Car toute déviation de ce cycle signifie sortir du cercle vital – ne pas se marier, par exemple, tomber malade jeune, perdre son époux ou épouse. Les figures humaines dans les broderies sont rangées comme la structure de la famille. Une figure masculine, une figure féminine, ensuite des petits diamants, c’est-à-dire les enfants. Et cela se répète à l’infini pour dire que le cercle de la vie, la généalogie n’a pas de fin.

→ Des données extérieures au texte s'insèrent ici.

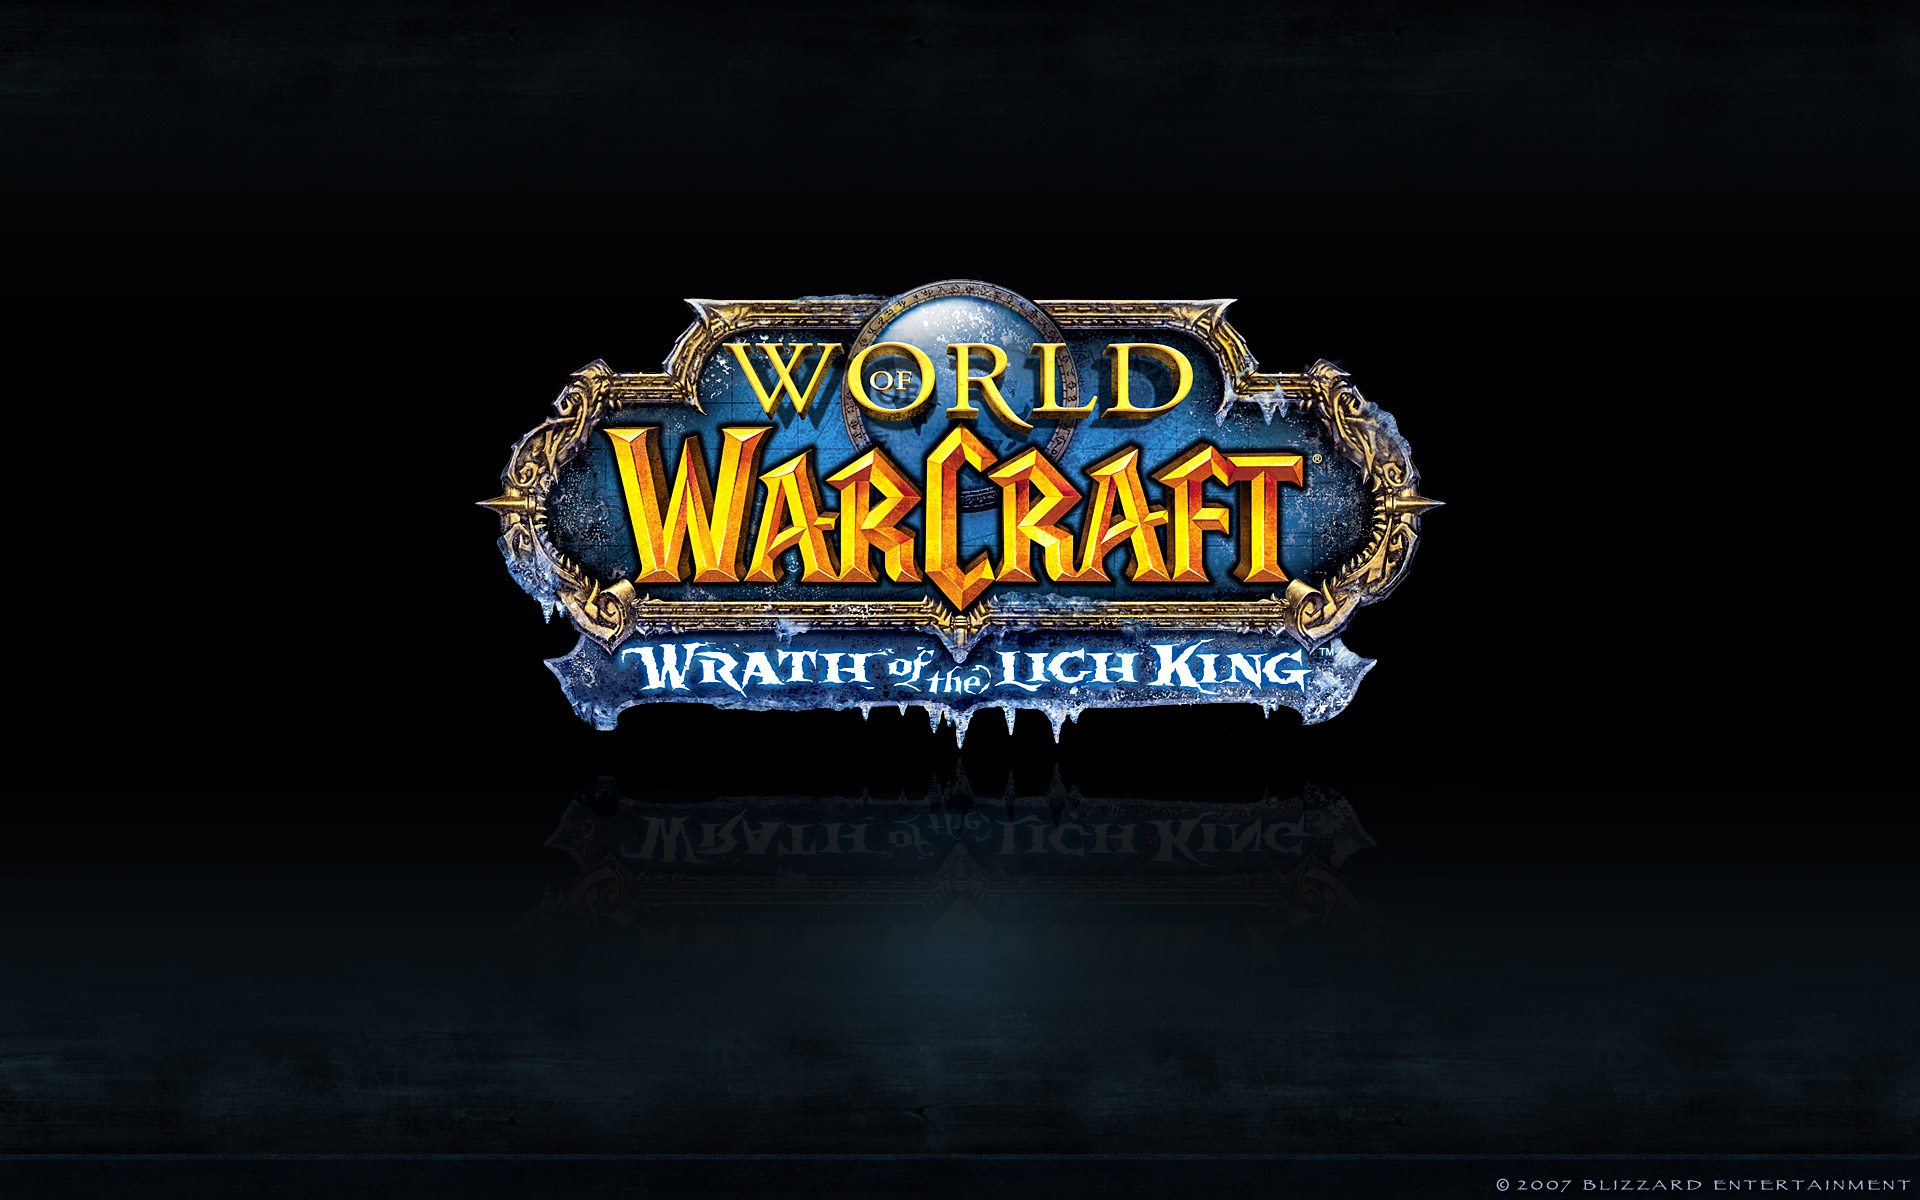 World of Warcraft Wrath of the Lich King Wallpaper Full HD ID1012

Dans le passé les broderies étaient, pour ainsi dire, règlementées. Il était impossible de faire une broderie tout simplement parce qu’elle est belle. Dans chaque village il y avait des morceaux de tissu spéciaux sur lesquels des femmes âgées maîtrisant l’art suivant les règles héritées des ancêtres brodaient toutes les figures admises officiellement dans le village en question. La maître de conférences Ganka Michaylova:
« Le costume est un savant assemblage de couleurs. Tout était coloré à l’aide de colorants végétaux en respectant de strictes prescriptions. Après avoir teint la laine à l’aide de décoctions végétales, celle-ci était trempée dans des oxydants – du jus de choux, du jus de poires ou de pommes sauvages. Ensuite la laine était enterrée dans de la bouse à la suite de quoi la laine était uniformément colorée. Mais à la suite de toute cette procédure, la laine ne se décolorait pas et il n’y avait pas le contraste qu’on connaît pour les colorants à l’aniline. C’est la couleur rouge qui dominait symbolisant la vie, le vin, le sang. Il y avait également du brun, du jaune symbolisant la semence dans le sens phallique et la fertilité de la nature. Mais vous ne trouverez par exemple nulle part de vert car on croyait que cette couleur est la couleur de la mort. Vous savez que pour un malade on dit souvent qu’il est jaune-vert. Le noir était pour dessiner les contours ».

© Photo: archives de l'Académie des Sciences

Les costumes traditionnels masculins sont, selon le classement de l’ethnographe bien connu, le prof. Christo Vakarelski, deux principaux types selon la couleur dominante – vêtement noir et vêtement blanc. Les costumes blancs étaient typiques des régions de Sofia, de Trun, de Graovo. Dans les régions de montagne, principalement dans les centres montagneux de la Renaissance de la Sredna Gora, de la Stara planina et des Rhodopes où l’on élevait beaucoup de moutons pour approvisionner les armées ottomanes, on s’est mis à élever le mouton brun emprunté de l’Anatolie.
Jusqu’à son mariage, la Bulgare devait confectionner trois ou quatre complets de vêtements pour son futur époux et tout autant pour elle-même dans les normes établies en fonction de l’âge et des habits qui lui sont propres.
« Trois jours avant les noces, le trousseau de la jeune mariée, y compris les cadeaux qu’elle confectionnait pour les membres de sa belle famille, étaient exposés sur les murs de la maison, les tissus plus volumineux étant arrangés sur la clôture, poursuit la maître de conférences Ganka Michaylova. Le village tout entier passait pour regarder le trousseau, plus spécialement les femmes âgées qui s’y connaissaient et qui retournaient même les vêtements pour voir de quoi ils ont l’air à l’intérieur. Ces vêtements étaient réversibles ».
Les costumes traditionnels représentent un véritable univers qui véhicule sa propre langue, son propre sens. A cause de notre ignorance, nous, autres Bulgares modernes, nous nous retrouvons perdus dans la traduction, nous dit en conclusion l’ethnographe, la maître de conférences Ganka Michaylova.